The truth is, as of last year, I finally know where my dad is, even though I have never met him. He lives in Düsseldorf, Germany, with his new family. They’re not new to him, but their existence is so astounding to me that they will forever be his new family. My family is defined by his absence, my mother and I hugging in photographs where there’s a little too much room around us, where someone else should be flanking me in my blue high school graduation cap and gown, but isn’t. His new family is defined by his presence, big, fleshy, and secure. Knowing where my father is has brought me less peace than I’d hoped.


Who my father is, used to occupy most of my imagination. The world was so big and so full of potential dads! The first candidate was my favorite contestant on a popular trivia game show in the USSR called What? Where? When? The show had a very classy casino setup, and featured smart people dressed up in tuxes and dresses answering questions sent in by the television audience. The show featured the same regional teams and players, so you got to know and love them the way you do with your favorite basketball team. I seized upon a bespectacled intellectual named Alexander who looked a lot like me — curly brown hair, glasses, prominent nose. Alexander is my father’s name! was all I could think when he was on screen, bursting with pride when he answered a question correctly. I also understood why my mom never brought him up — his fame was probably why they broke up in the first place. How hard for her that he’s doing so great! I thought, as I snuck looks at my mom during the broadcasts, admiring her quiet fortitude. When it became clear that her quiet fortitude in the face of heartbreak was just indifference to a man she had never met, I had to move on to another dad candidate.

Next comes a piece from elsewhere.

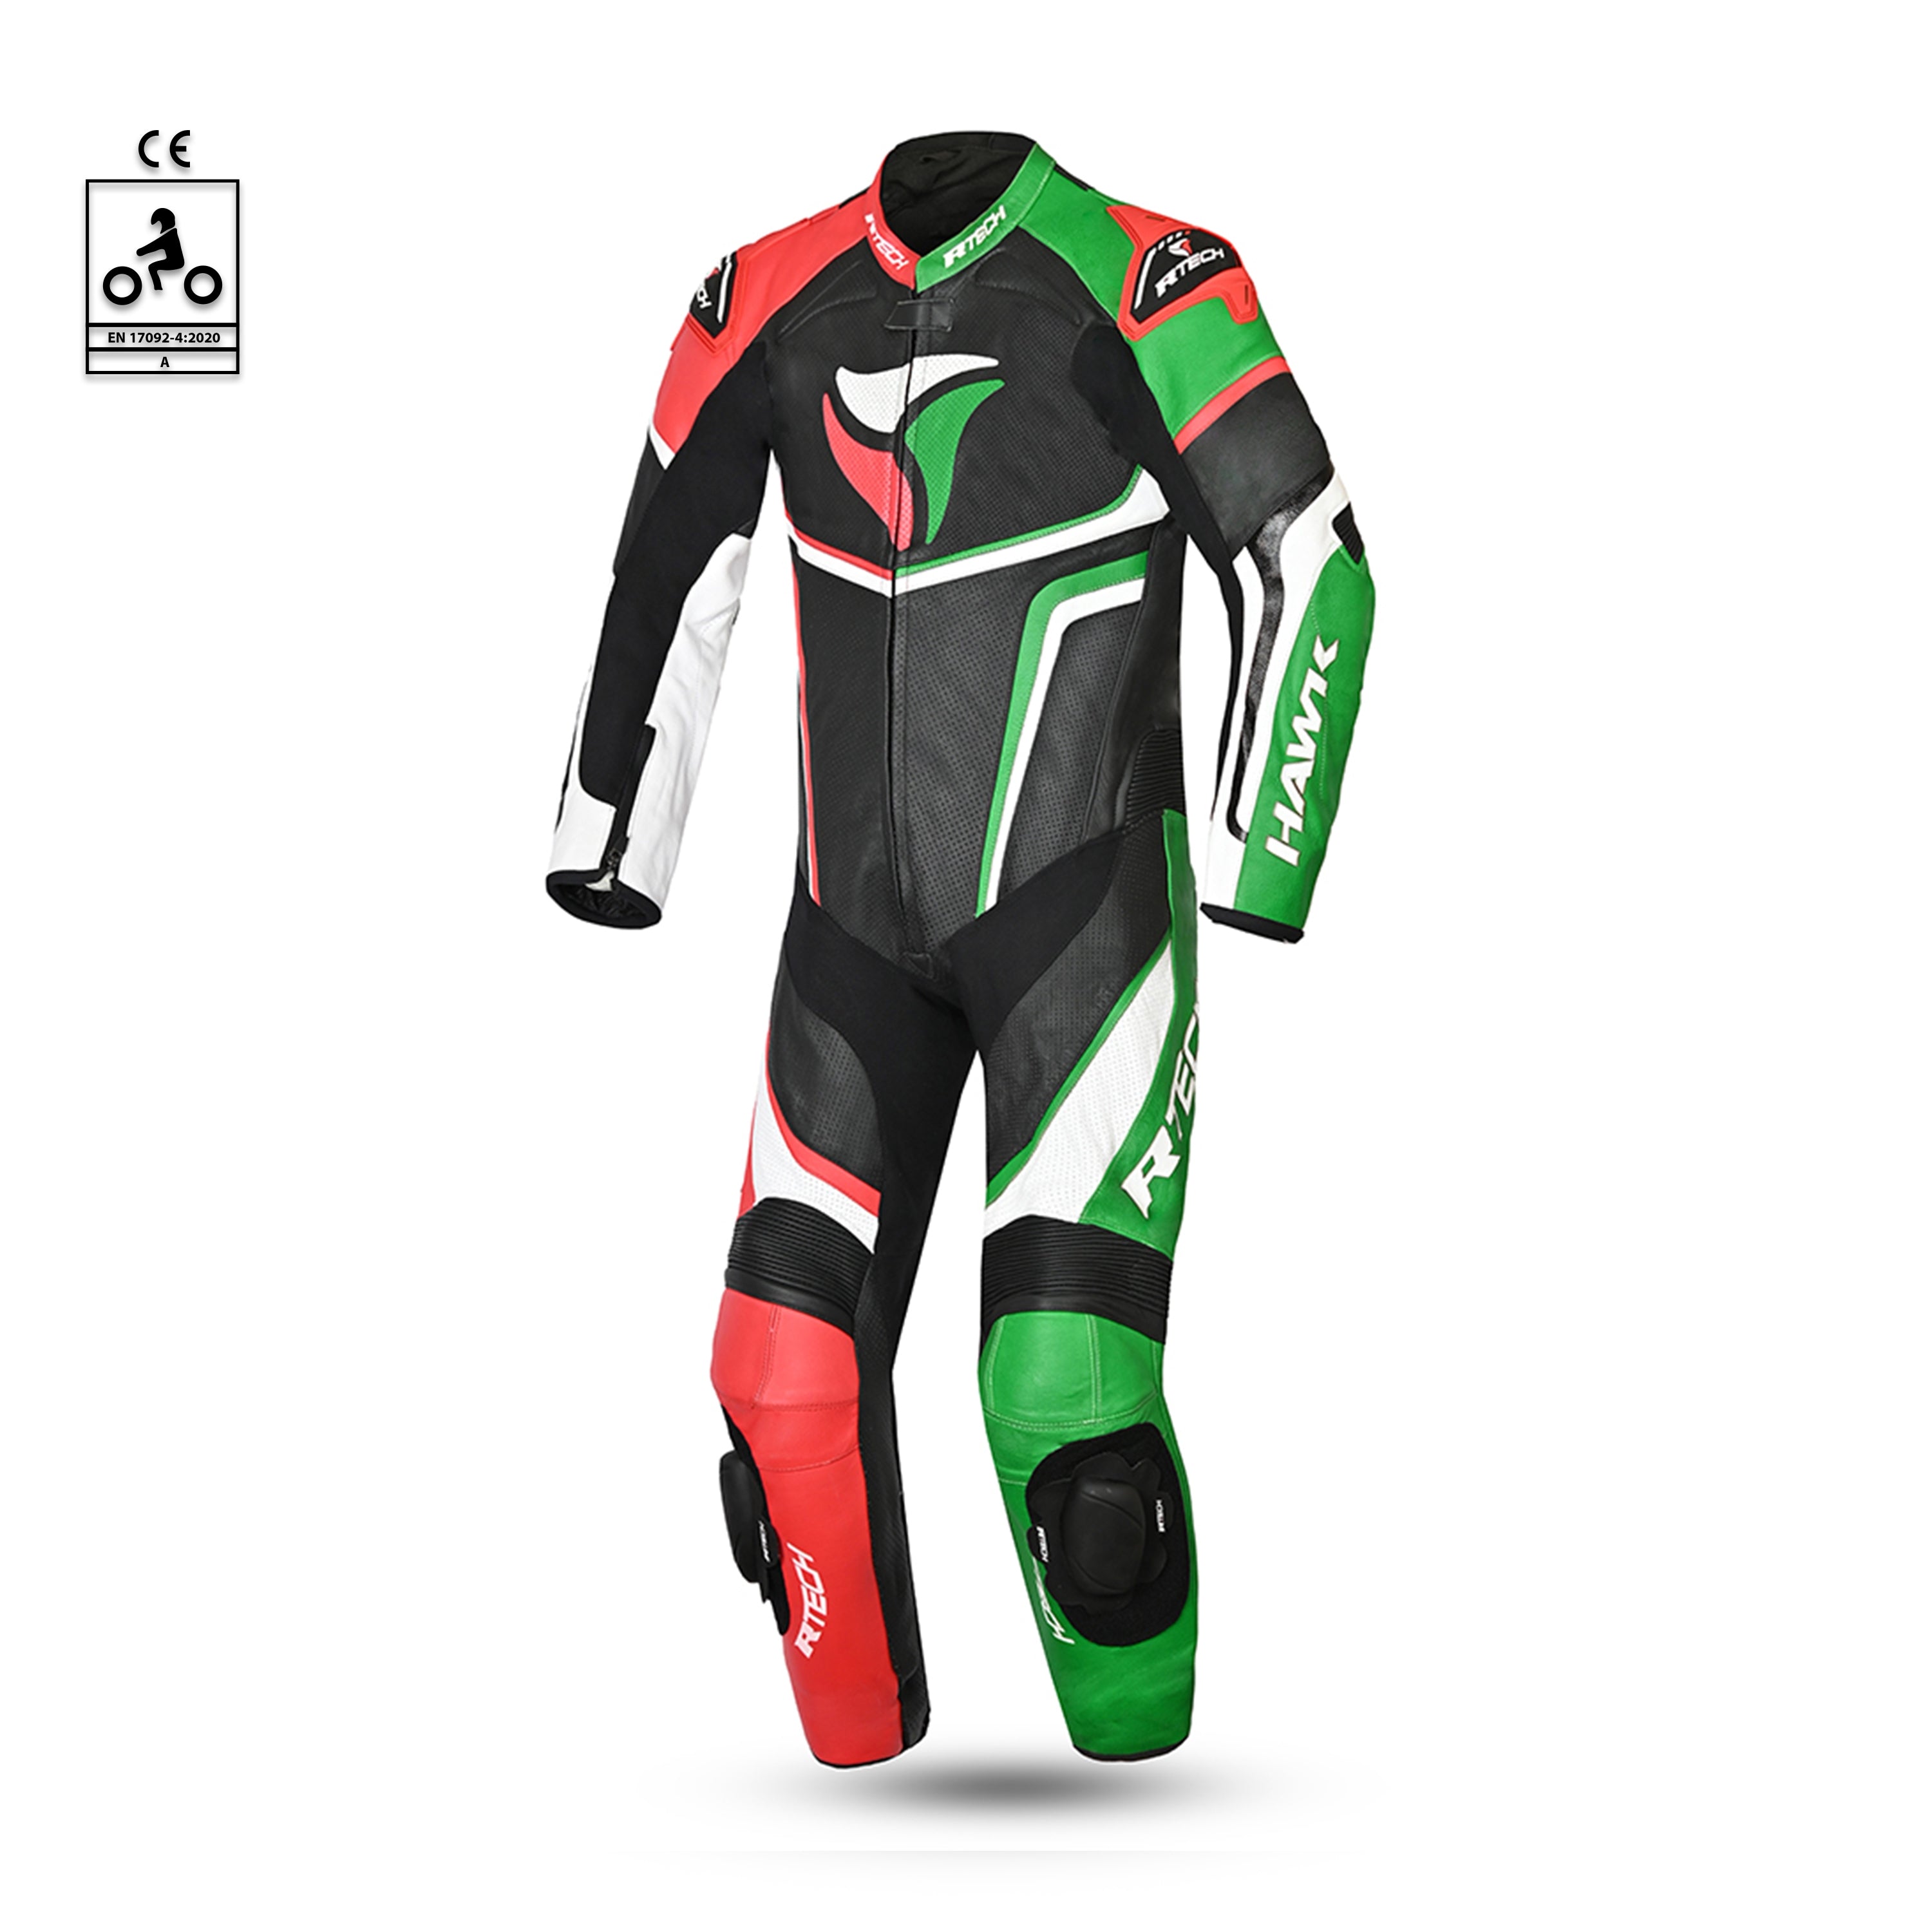 R Tech Hawk 1PC Motorcycle Racing Suit Green Black Red White

When I was about seven, my mother and I met a fun couple at the beach whom we very quickly befriended. They would go picnicking with us in the park, play tennis with my mom, listen to music at our apartment, and go on amusement park rides with me. We loved them as a couple. But secretly I wished she would maybe die. Because the man was very tall and strong and wiry, with gray on his temples and his chest hair, and he let me ride on his shoulders, which I never got to do with my mom, and he bought me honeycombs and even killed a bee that threatened me with his bare hand. He made a joke about how we looked like beached sea lions once, and at that point in my life it was literally the funniest thing I had ever heard. I repeated it to myself constantly after that, laughing at his quick — not to mention exquisite — wit. His name was Valera, which I knew was a fake name he took when he broke up with my mom so he could start his life over with this new lady, Lyudmila. I had to admire my mother’s poise and fortitude once more — here she was again, hanging out with my father and his new woman and acting like it was no big deal. I finally gave up the ghost when our friends moved, without much fanfare, and my mother, when I reminded her of the sea lion joke, looked at me like I was out of my mind. Either the joke wasn’t as good as I thought (impossible), or Valera really was just a friend.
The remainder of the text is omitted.